Quantum Algorithm for Estimating Betti Numbers Using Cohomology Approach (2309.10800v3)

Abstract: Topological data analysis has emerged as a powerful tool for analyzing large-scale data. An abstract simplicial complex, in principle, can be built from data points, and by using tools from homology, topological features could be identified. Given a simplex, an important feature is called the Betti numbers, which roughly count the number of holes' in different dimensions. Calculating Betti numbers exactly can be $\#$P-hard, and approximating them can be NP-hard, which rules out the possibility of any generic efficient algorithms and unconditional exponential quantum speedup. Here, we explore the specific setting of a triangulated manifold. In contrast to most known methods to estimate Betti numbers, which rely on homology, we exploit thedual' approach, namely, cohomology, combining the insight of the Hodge theory and de Rham cohomology.

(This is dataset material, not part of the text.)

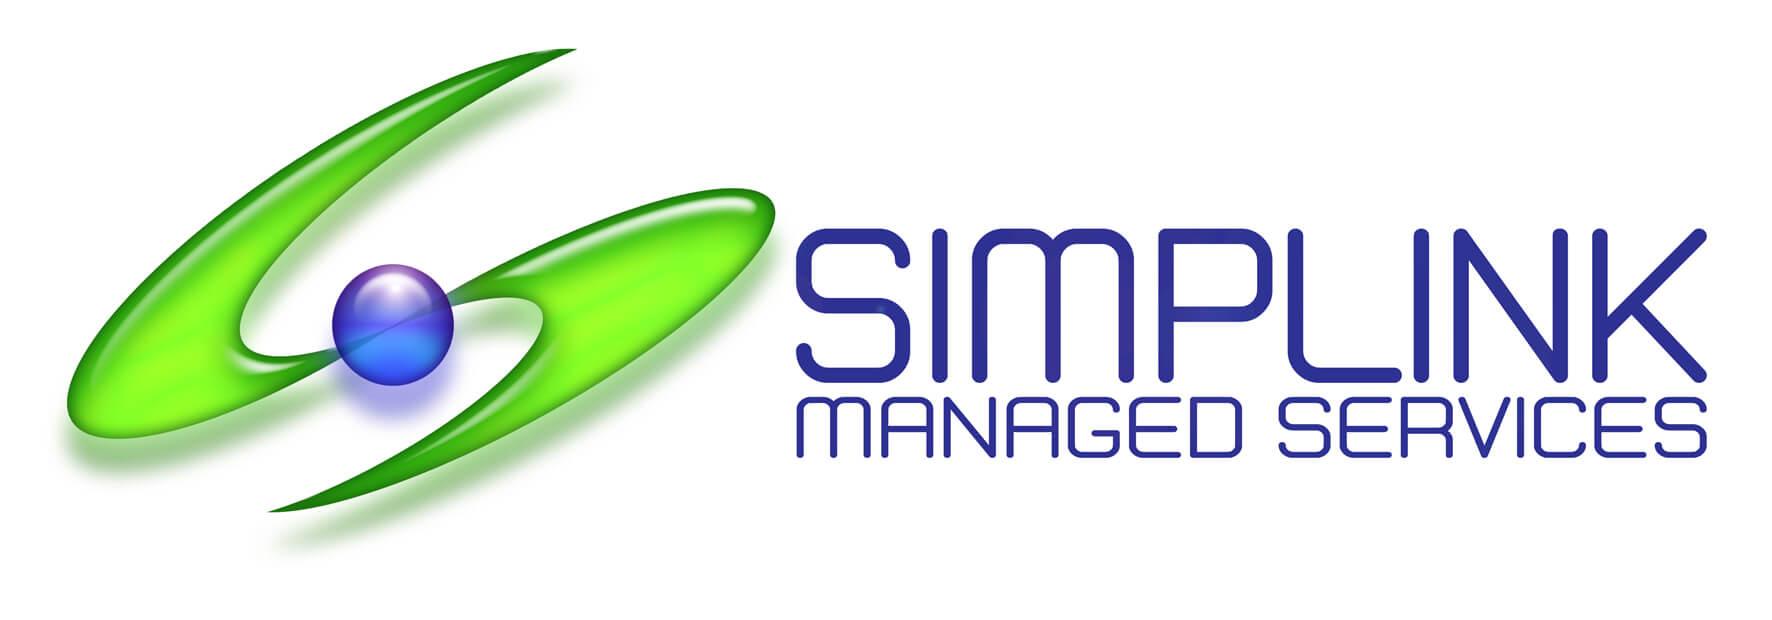 Simplink Managed Services logo
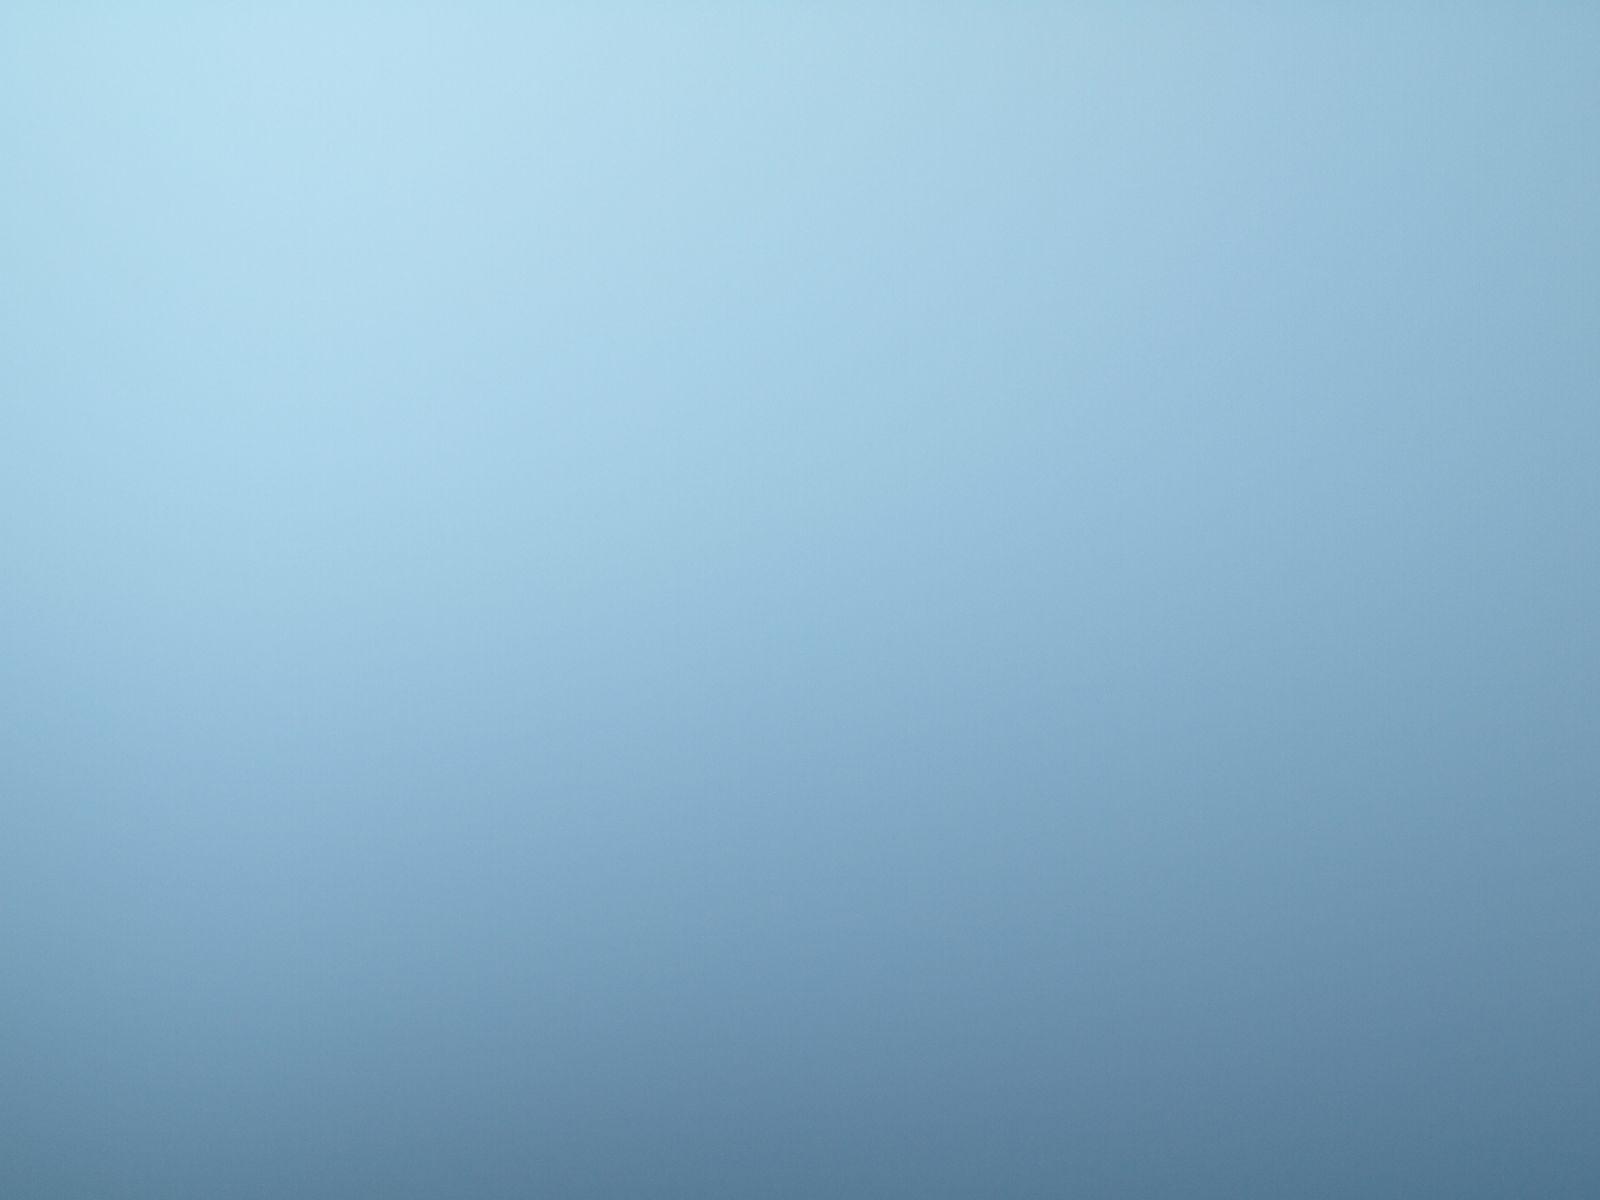 Himmel-Wolken-Foto_Textur_A_P9205244

Our proposed algorithm can calculate its $r$-th normalized Betti number $\beta_r/|S_r|$ up to some additive error $\epsilon$ with running time $\mathcal{O}\Big(\frac{\log(|S_r^K| |S_{r+1}^K|)}{\epsilon^2} \log (\log |S_r^K|) \big( r\log |S_r^K| \big) \Big)$, where $|S_r|$ is the number of $r$-simplexes in the given complex. For the estimation of $r$-th Betti number $\beta_r$ to a chosen multiplicative accuracy $\epsilon'$, our algorithm has complexity $ \mathcal{O}\Big(\frac{\log(|S_r^K| |S_{r+1}^K|)}{\epsilon'^2} \big( \frac{ \Gamma}{\beta_r}\big)^2 (\log |S_r^K|) \log \big( r\log |S_r^K| \big) \Big)$, where $\Gamma \leq |S_r^K|$ can be chosen. A detailed analysis is provided, showing that our cohomology framework can even perform exponentially faster than previous homology methods in several regimes. In particular, our method is most effective when $\beta_r \ll |S_r^K|$, which can offer more flexibility and practicability than existing quantum algorithms that achieve the best performance in the regime $\beta_r \approx |S_r^K|$.